* _Activity_: Each line below must be set down exactly; omit any image you find.

* _Collected material_:
▬▬▬
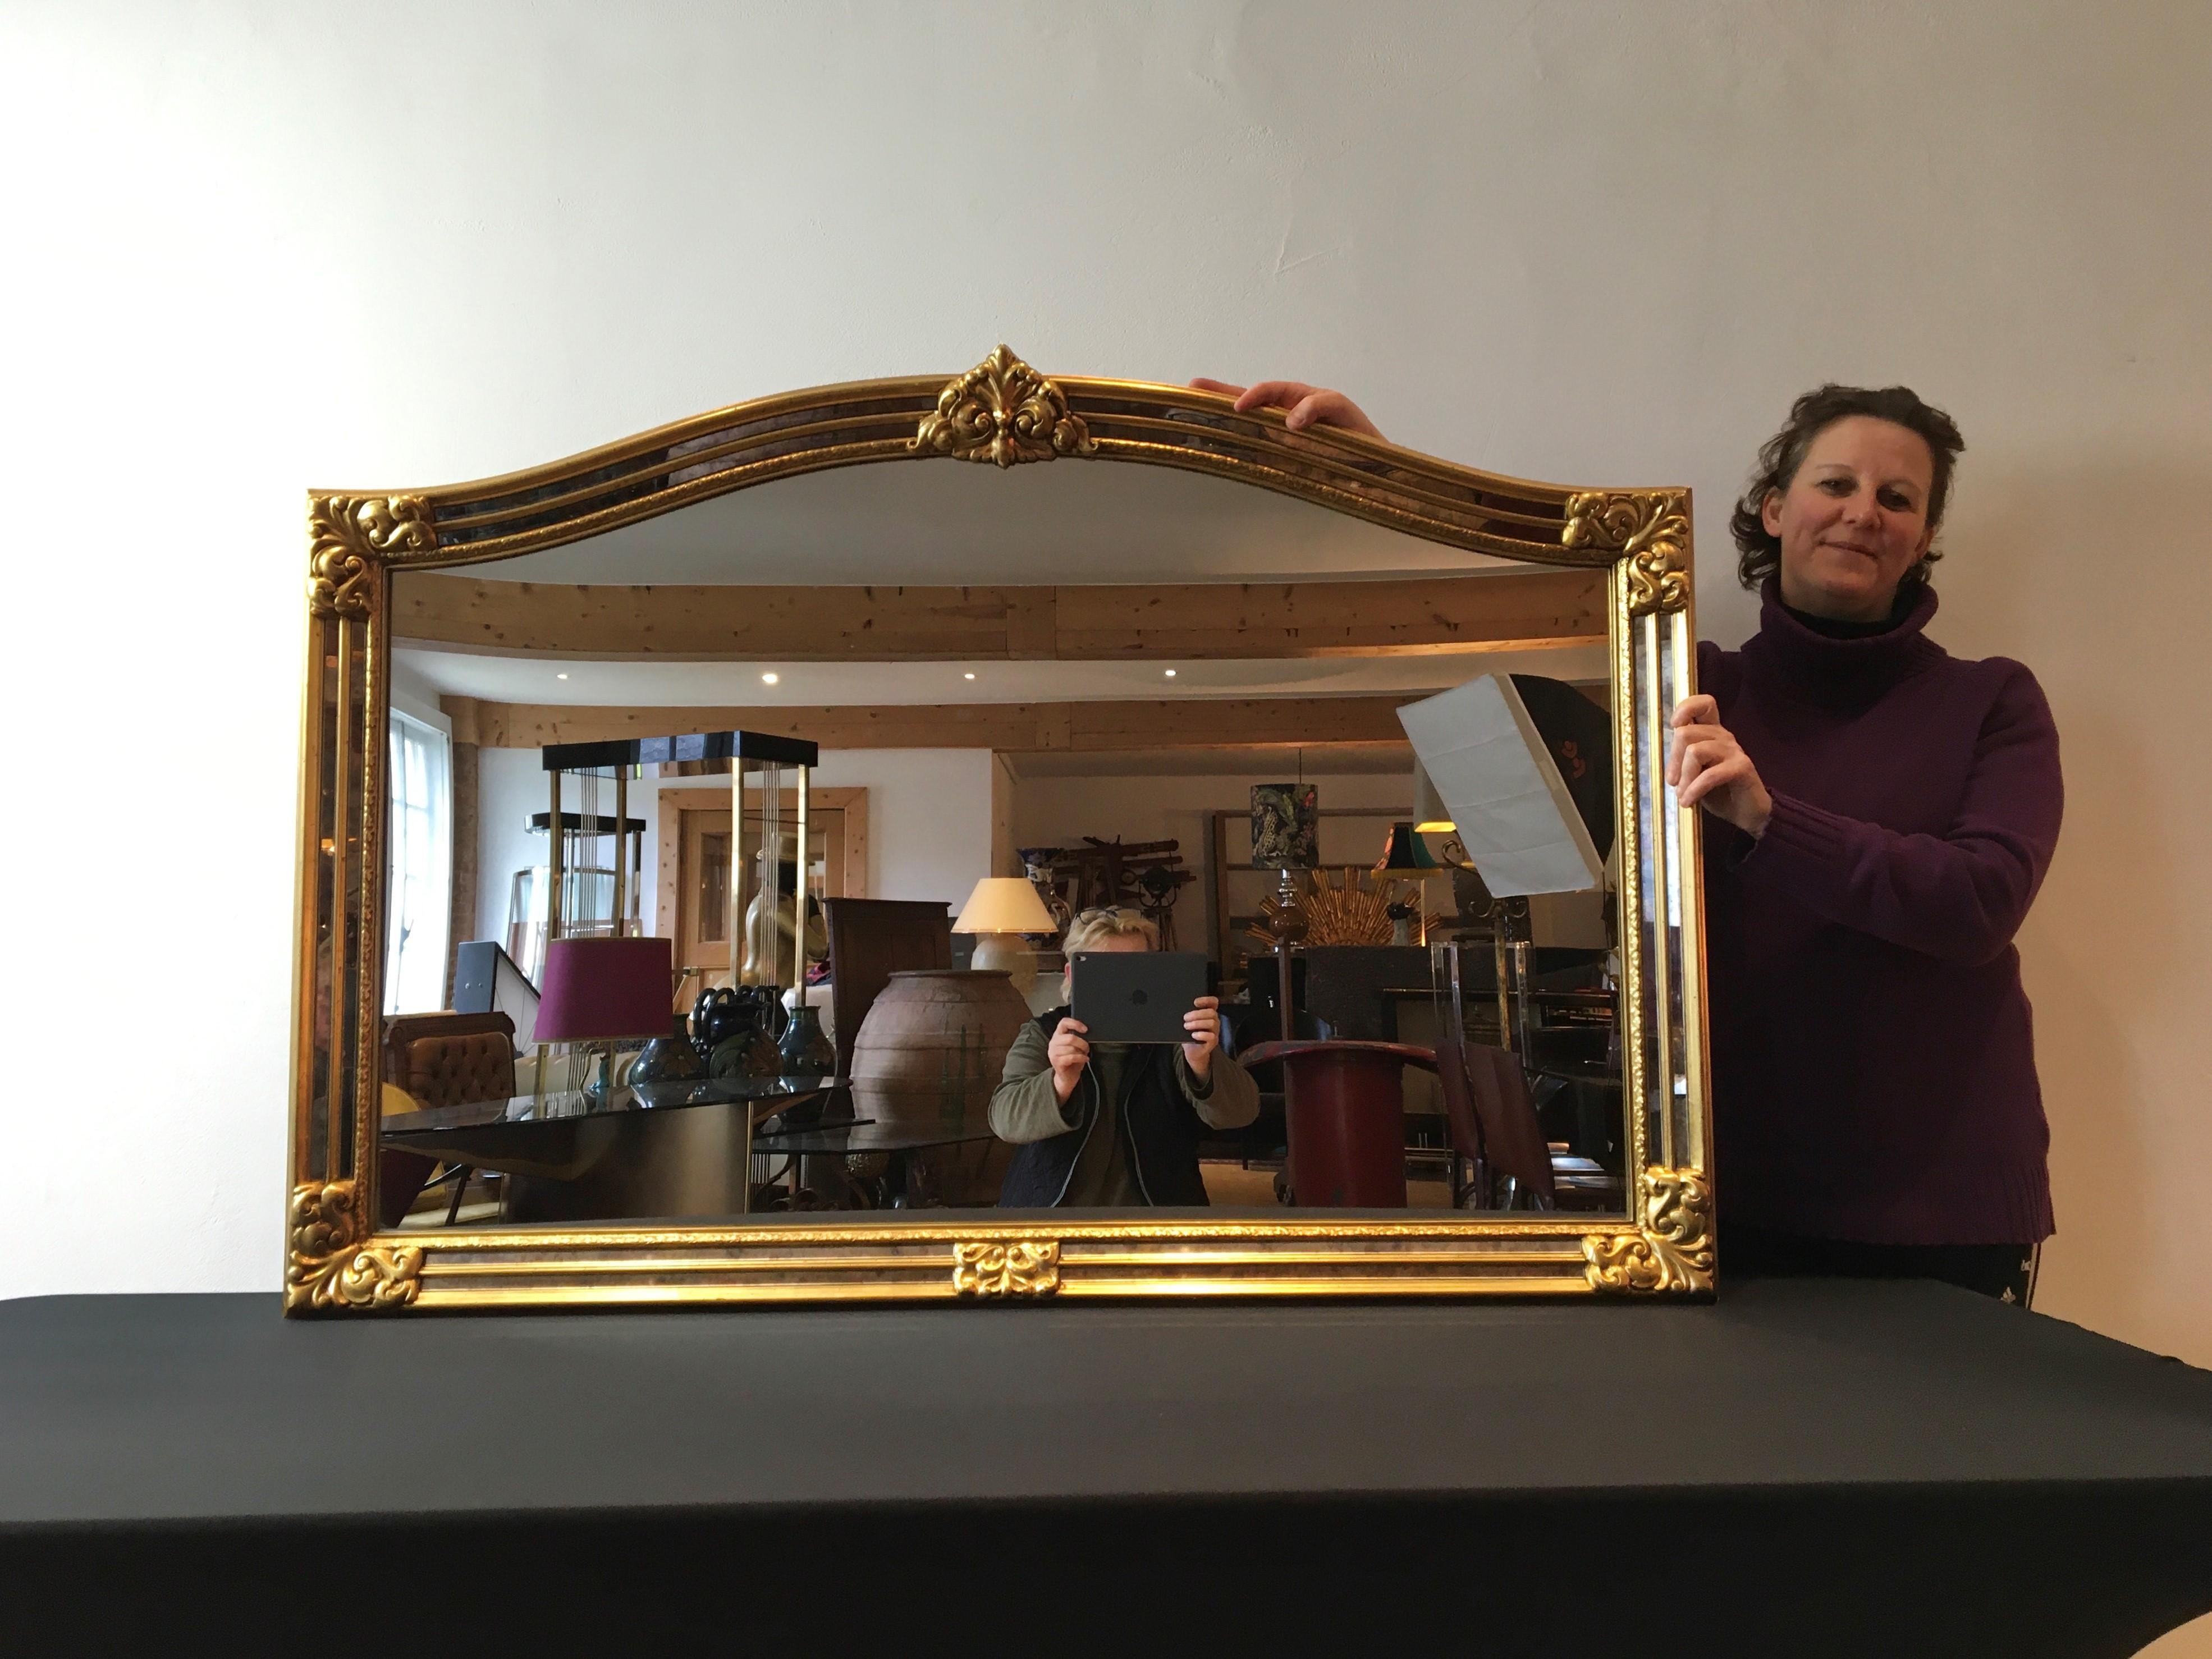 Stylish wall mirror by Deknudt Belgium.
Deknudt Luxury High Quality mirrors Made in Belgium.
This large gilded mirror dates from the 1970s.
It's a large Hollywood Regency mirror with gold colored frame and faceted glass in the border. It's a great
▬▬▬
* _Written response_:
 Stylish wall mirror by Deknudt Belgium.
Deknudt Luxury High Quality mirrors Made in Belgium.
This large gilded mirror dates from the 1970s.
It's a large Hollywood Regency mirror with gold colored frame and faceted glass in the border. It's a great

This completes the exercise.